Sadly, everyone else is, and just as I make it to the door, I’m accosted by Jenny and Rebecca, two of the English teachers in my department.
‘What do you think of that then? Do you think we’ll be okay?’ Jenny almost whispers as she blocks my way. Her hands flutter around her mouth and I want to swipe them away. The hand holding my soup is burning and I swap it to the other side.
‘I’m sure we’ll all be fine,’ I say, blowing gently on the surface of the soup. It steams like a just-opened dishwasher, bathing my face.
‘He said he’ll be calling everyone in over the next few days,’ Rebecca says. ‘What does that mean?’
‘I guess it means he’ll be letting us know whether we still have jobs or not,’ I reply.
‘But what will I do? I can’t lose my job.’
I want to tell them both that that I’m terrified too, and that I really, really cannot afford to lose this job as it’s keeping my entire life afloat. But as their direct boss it’s my duty to comfort them, so I just smile and say ‘honestly, try not to worry. Now, sorry, but I really need the loo, can I just…’ I squeeze past and hurry along the corridor in the direction of the toilets. Once I’m out of sight I swerve past the loos and carry on towards the main doors, out into the playground, and round the back of the school to the bike racks. There’s a bench here. Exactly what view it’s meant to be taking in I have no idea as all I can see is the back of the school and the bins, but I couldn’t care less about that right now. I sit down and put my soup beside me, hoping the spring air might cool it to an edible temperature.
I can’t stop thinking about the redundancies. Three or four members of staff, mostly senior. I shuffle through my mind, trying to work out whether any other heads of department started after me, but I can’t think of anyone.
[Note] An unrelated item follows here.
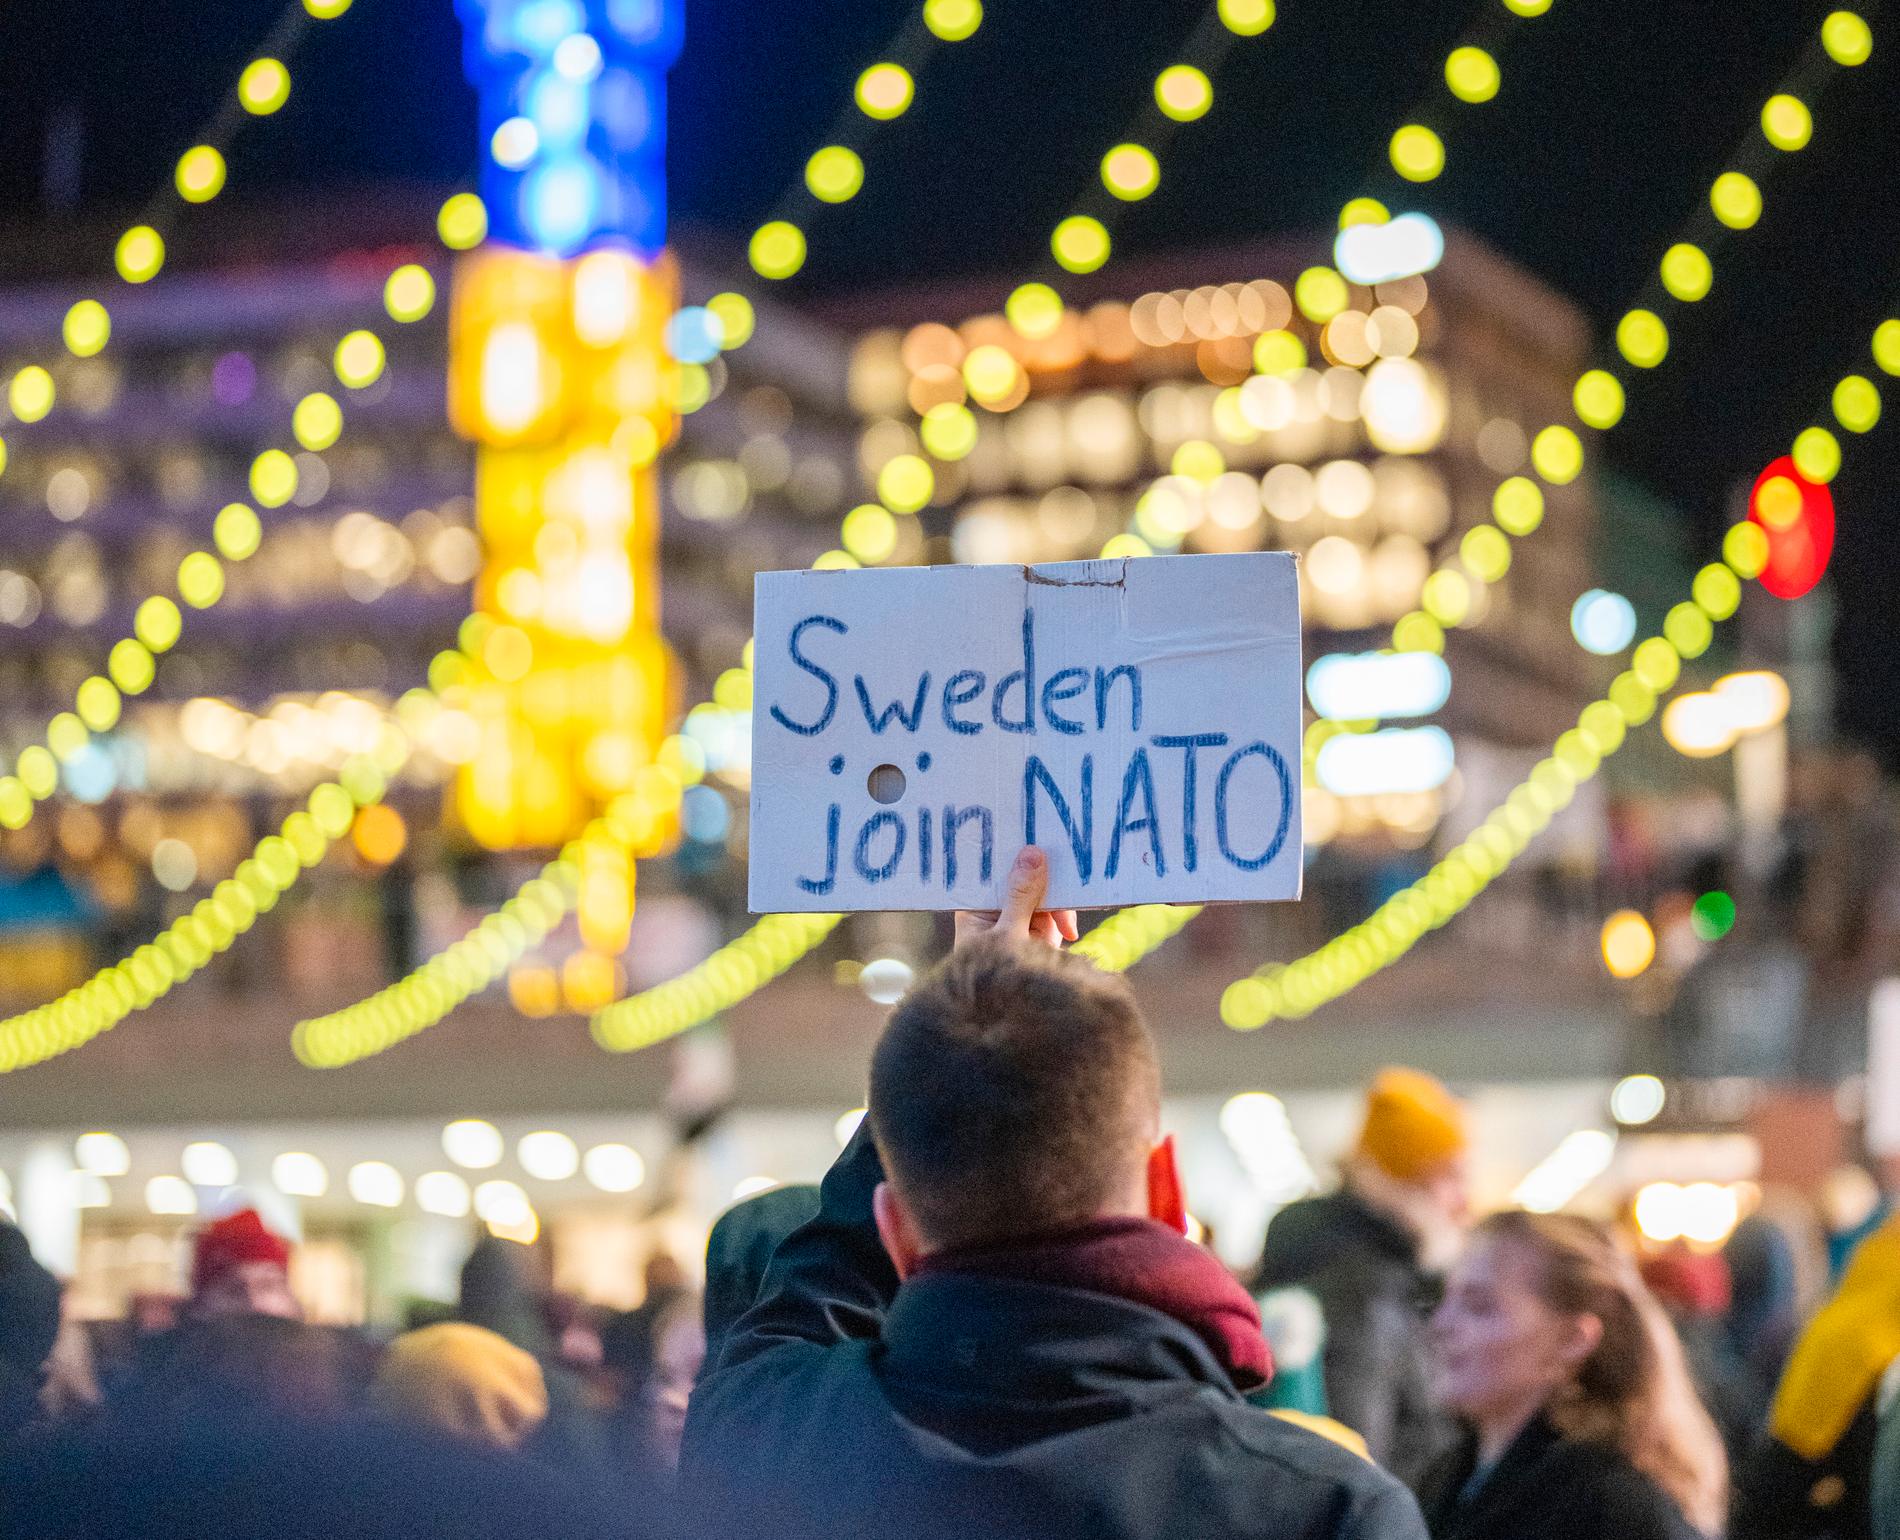 ”Nu när Ryssland gått in så svänger opinionen i Sverige till en mer positiv inställning”, säger Karin Nelsson på Aftonbladet/Demoskop

Losing my job would be a nightmare right now. I mean, there’s never an ideal time, is there? When my ex-husband Nick left twelve years ago, I bought him out of our family home using the inheritance my grandparents had left me. But I still had to take out a bigger-than-I-could-really-afford mortgage to cover the rest of it, which means I’m still paying a huge amount of money every month for the privilege of living alone. Don’t get me wrong, I know I’m lucky to own a house in Crouch End where prices have more than tripled since we bought the terraced house twenty-five years ago. But it still doesn’t change the fact that I need this job.
‘Room for a little one?’
I look up at the voice and smile. ‘Sure, I’m just wallowing.’ I budge up to make room and Katy, my friend and head of music, sits down beside me. She lights a cigarette, takes a long drag and we both watch the smoke bloom out into the wind.
‘So, you worried?’ I can see her turn her head towards me and try to arrange my face into something neutral.
‘I guess.’ I try a shrug but I’m too tense to pull it off.
‘I’m fucking petrified. I mean, I’ve only been here five minutes.’
I turn to look at her. ‘Me too.’
She puffs out her cheeks and takes another drag. ‘Everyone’s saying it’s always last in, first out. Do you reckon that’s true?’